I like this scene a lot. Roxas has finally come to such an extreme that he goes begging to his master. Xemnas is left in the background of most of this game to improve his mystique, so this is where this mystique begins to pay off. Try to keep in mind some of the things we said about a ruler’s responsibility in Beast’s Castle in this scene, about Xemna’s right to rule, and some of the ones to come as we approach the finale. This is just our first taste of Xemnas in this game, after a considerable amount of thematic buildup. We won’t be seeing much of him overall, but his impact is still critical to how the game plays out.
Roxas gets straight to the point, and asks about Xion. To my surprise (keep in mind that our perception of Organization upper management has been driven by Saïx to date), Xemnas is outright polite and generous in his response! That said, we haven’t lost the taint of bureaucracy that permeates the Organization in Days: he sounds a bit like a corporate form letter, but St. Peter delivers the line in a way that’s almost fatherly and gentle, which makes it all the creepier and more effective! He says that Xion is important to the Organization and despite any impressions from Saïx, they’re going to look after her.
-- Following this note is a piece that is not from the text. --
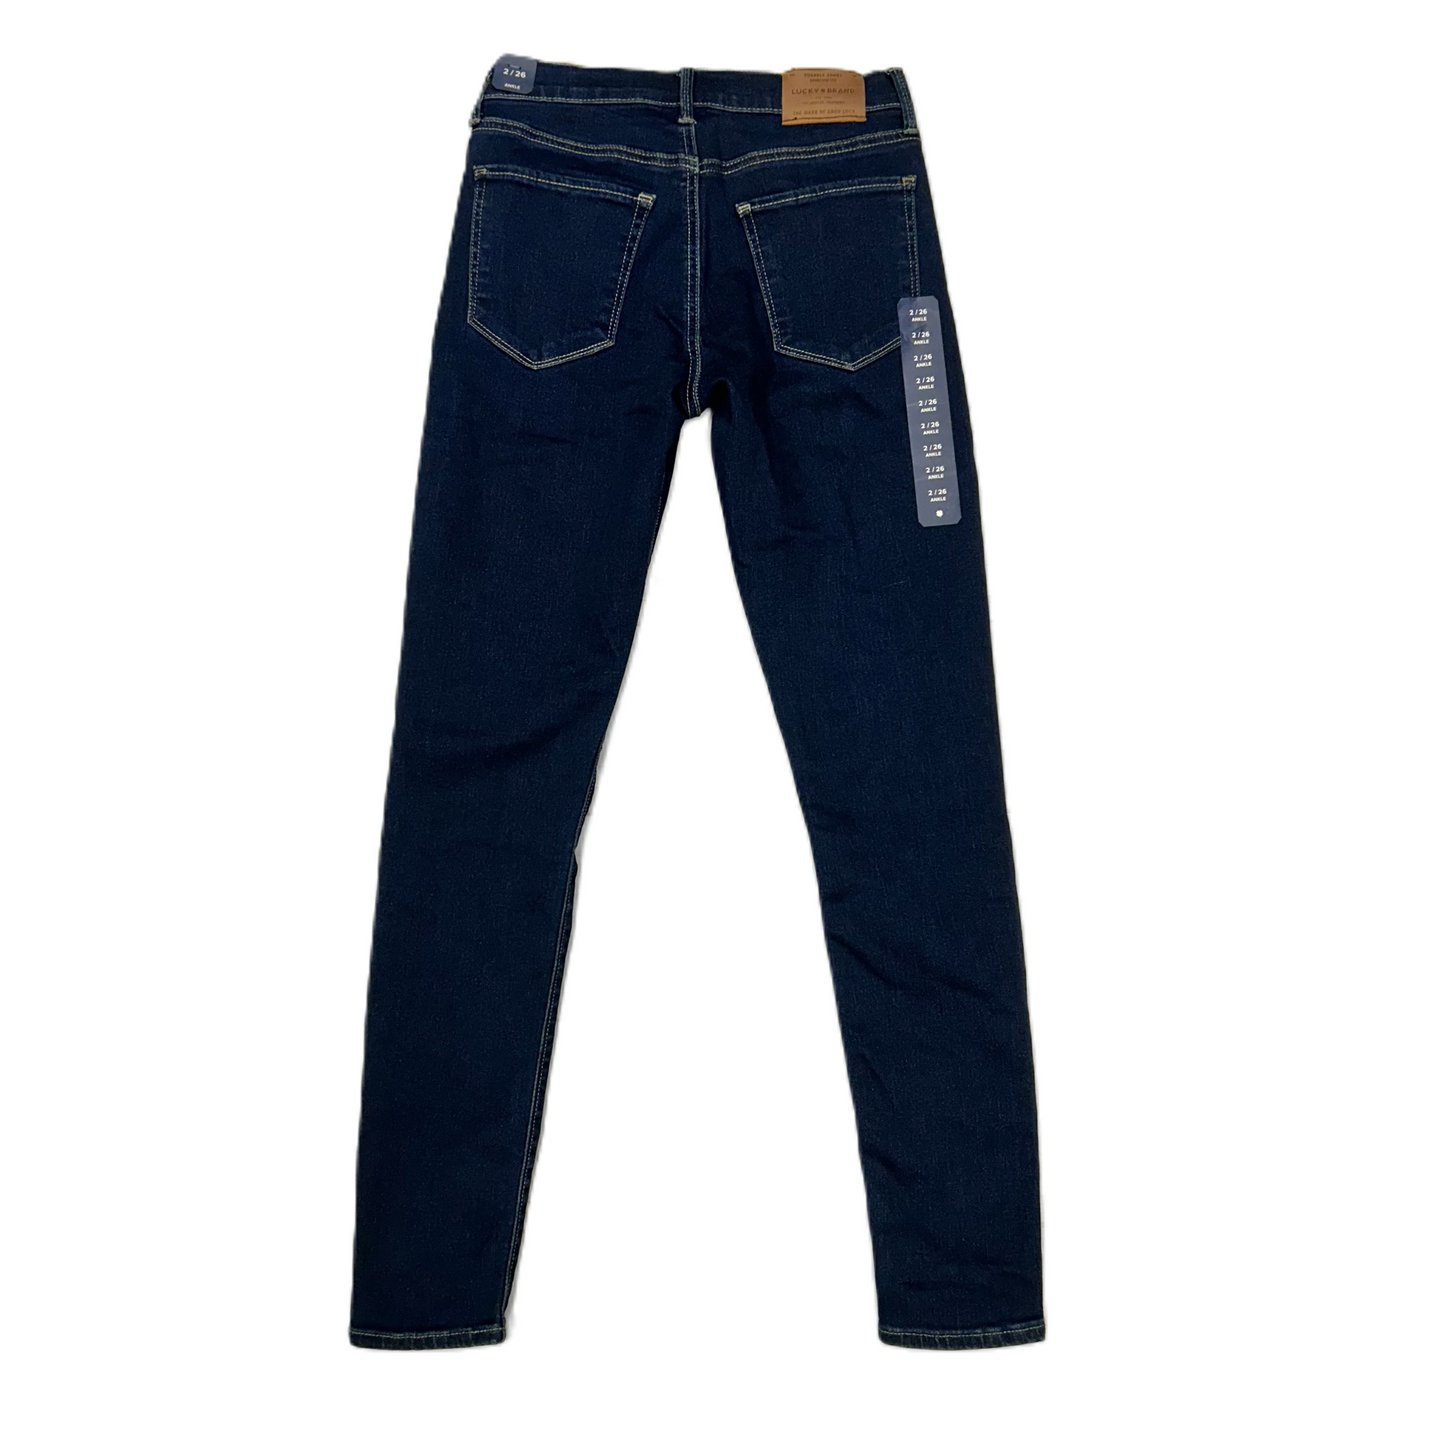 Blue Denim Jeans Skinny By Lucky Brand, Size: 2

Reassured, Roxas realizes he has another reason to want Xemnas’ ear, since he’s here. He remembers his meeting with Xemnas in the Dark Margin from forever ago. Remember how Xemnas asked Roxas if he knew his true name? It seems he actually told him on the way out, and didn’t simply mouth it. As a result, Roxas remembers the name “Sora” now. He asks Xemnas about it. Unfortunately, now that Xemnas is off his corporate script, he becomes his usual cagey, opaque self. He says Sora is the reason Roxas and Xion are connected, and also “the reason I placed Xion among our number.” He then threatens Roxas, which I wish he hadn’t done as it breaks the fatherly impression from before. He says if he wants Xion to be all right (i.e., threatening to hurt her if he doesn’t), he’ll stop asking questions about Sora. Roxas understands, and leaves. We’re not actually done with Xemnas, as he reappears after this mission, so we’ll try to get back to him as soon as we can.
…So does Xemnas just sit in that throne brooding all day, or…?
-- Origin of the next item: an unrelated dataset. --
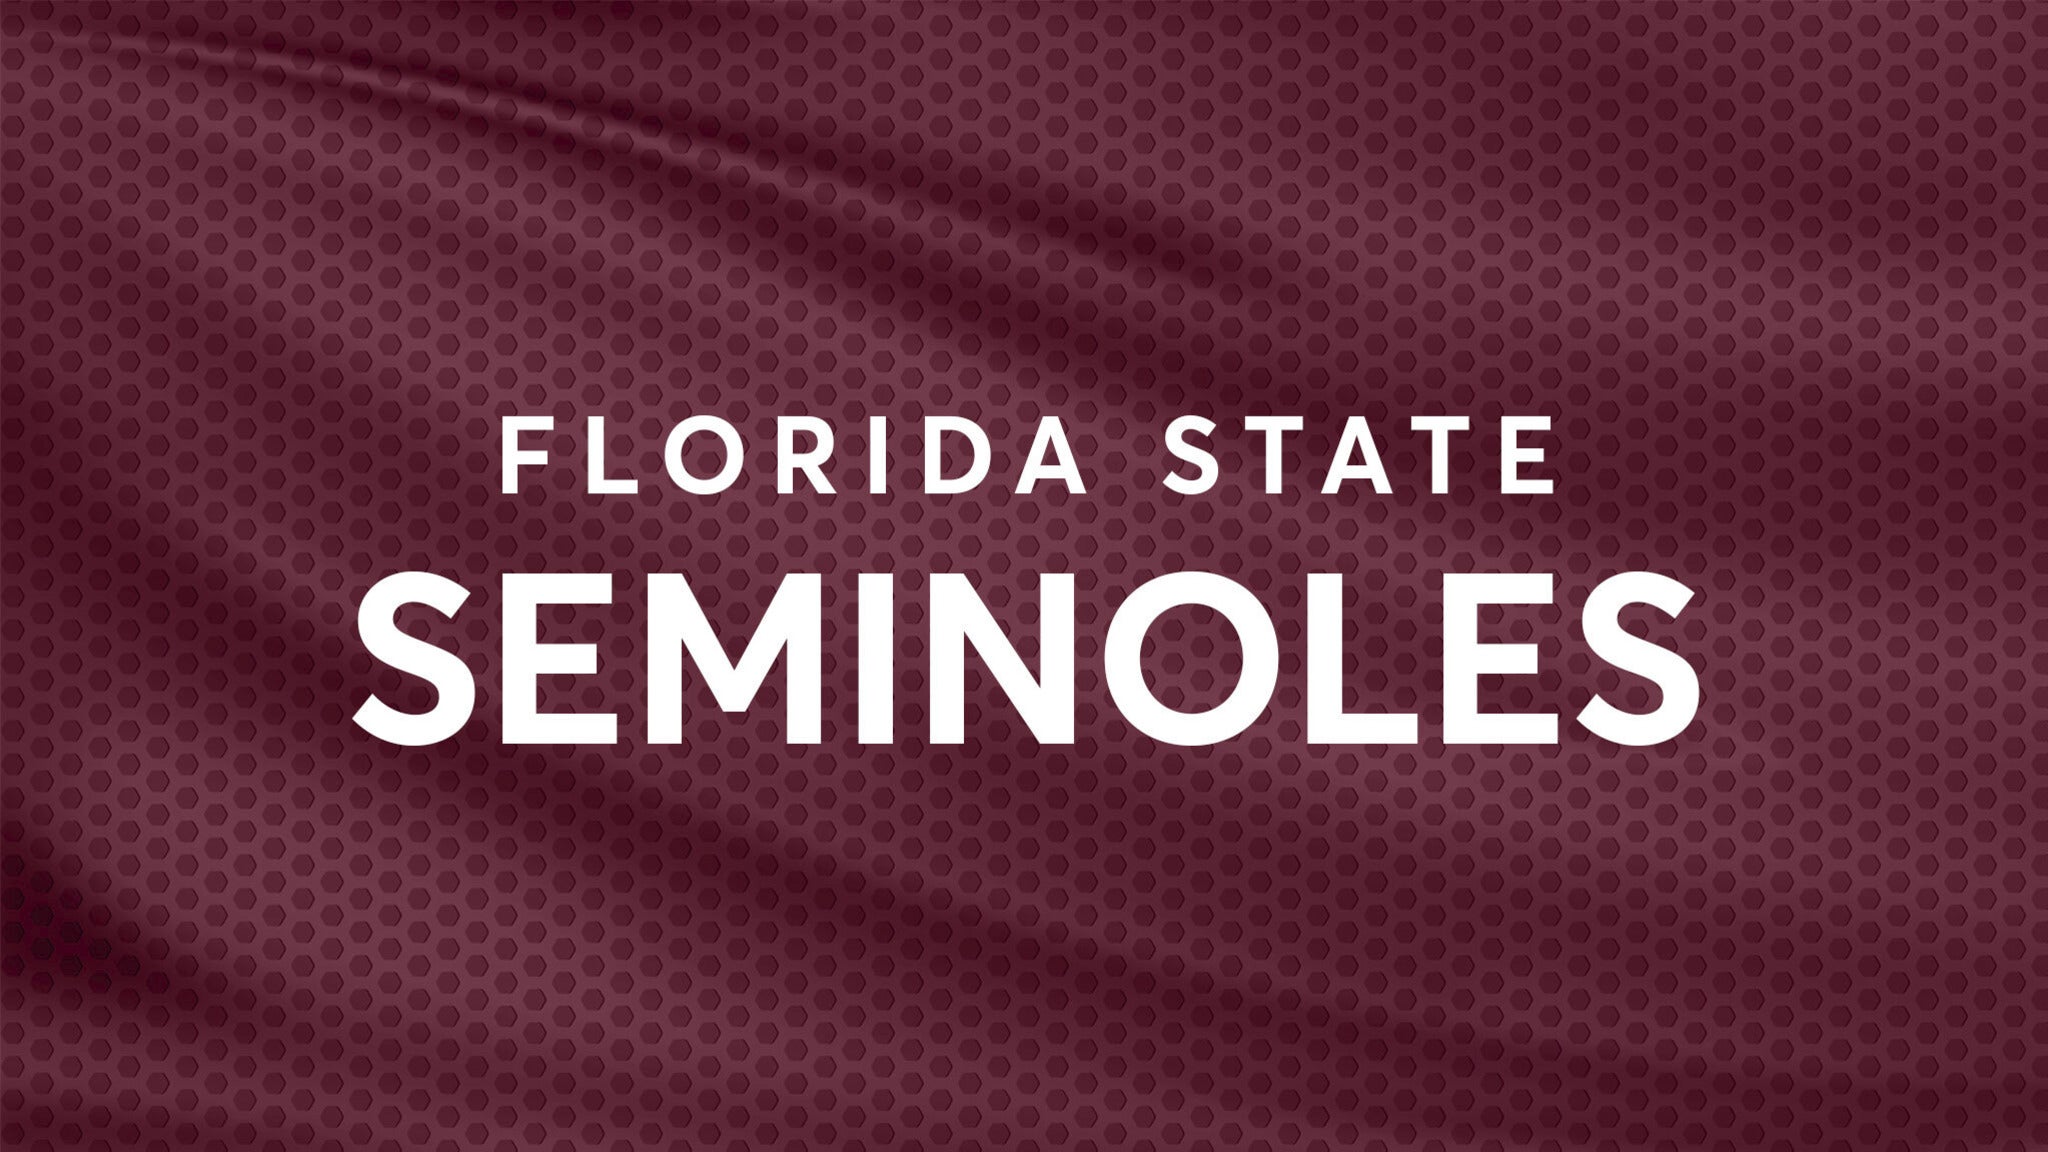 Florida State Seminoles Football at Doak Campbell Stadium

Roxas returns to the Grey Area, understandably snubbing Axel on the way in. If you chat to Xaldin while you’re here, he’ll complain about Xemnas coddling Xion, so I suppose word gets around quickly!
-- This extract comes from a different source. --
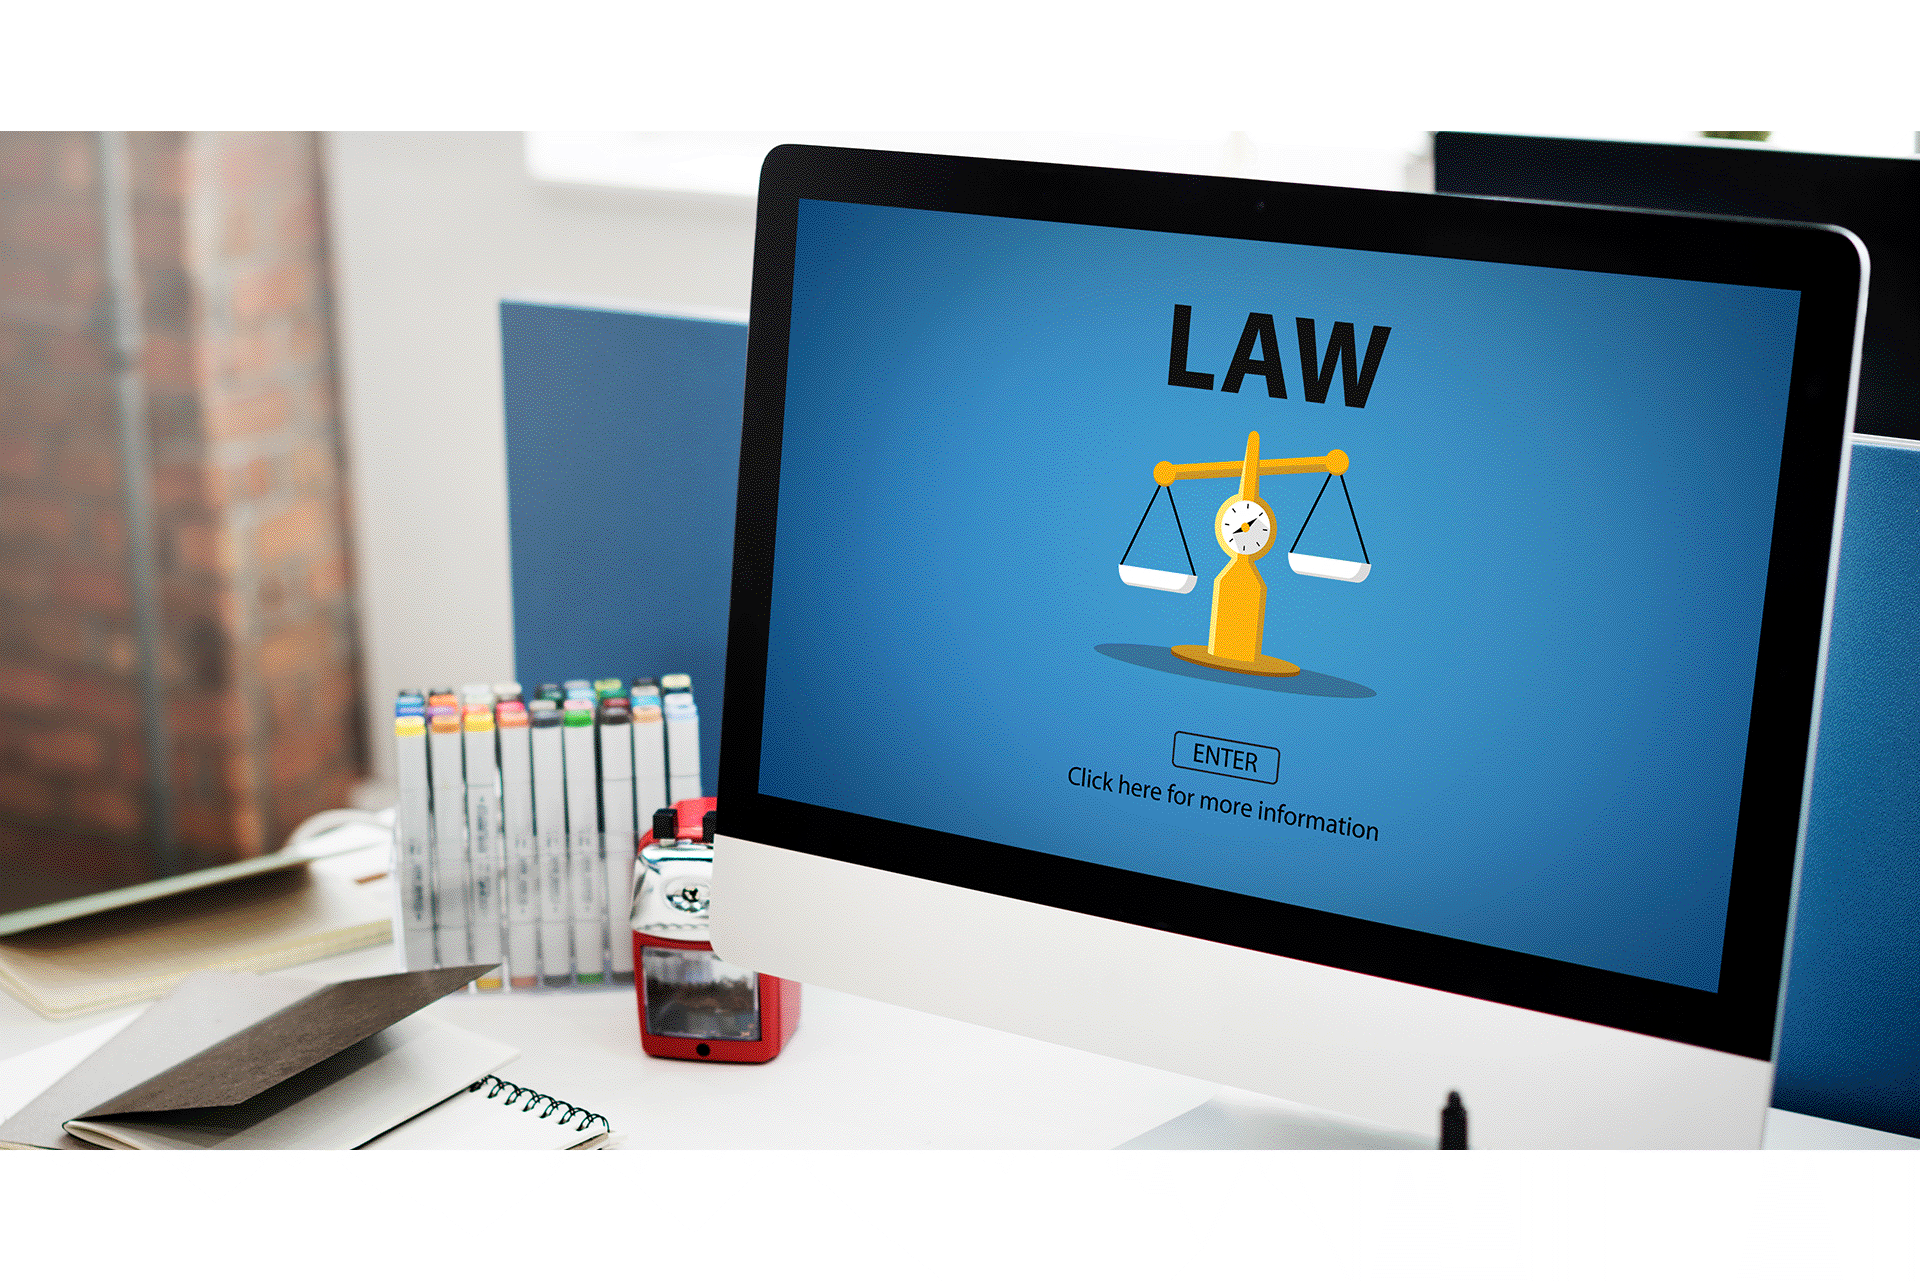 How a Leading American Legal Publisher Enhanced its Legislative Content

Xigbar’s offering a side mission at this point, if you’re interested: to equip a weapon with four panels. Depending on your setup, this may be a little more irritating than the past equipment missions. You may be comfortable with a three-panel weapon, and adjusting your deck temporarily just to get your prize might feel like more trouble than it’s worth! Still, the prize is a Gold, which can be a pain to get as I described during the last promotion, so you’d better suck it up.
Mission 76 turns out to be a Shadow Glob mission in Neverland. Considering you can fly wherever the heck you want, you’d think it would be easy to find the Shadow Globs, but surprise! You’re now in a new area, and the Shadow Globs are hidden on the sides of this area’s many, many, many-many rocks. You’ll also have to search The Jolly Roger itself, which is accessible at the north end of the map. There’s no sign of Hook, Smee, or anyone else for that matter.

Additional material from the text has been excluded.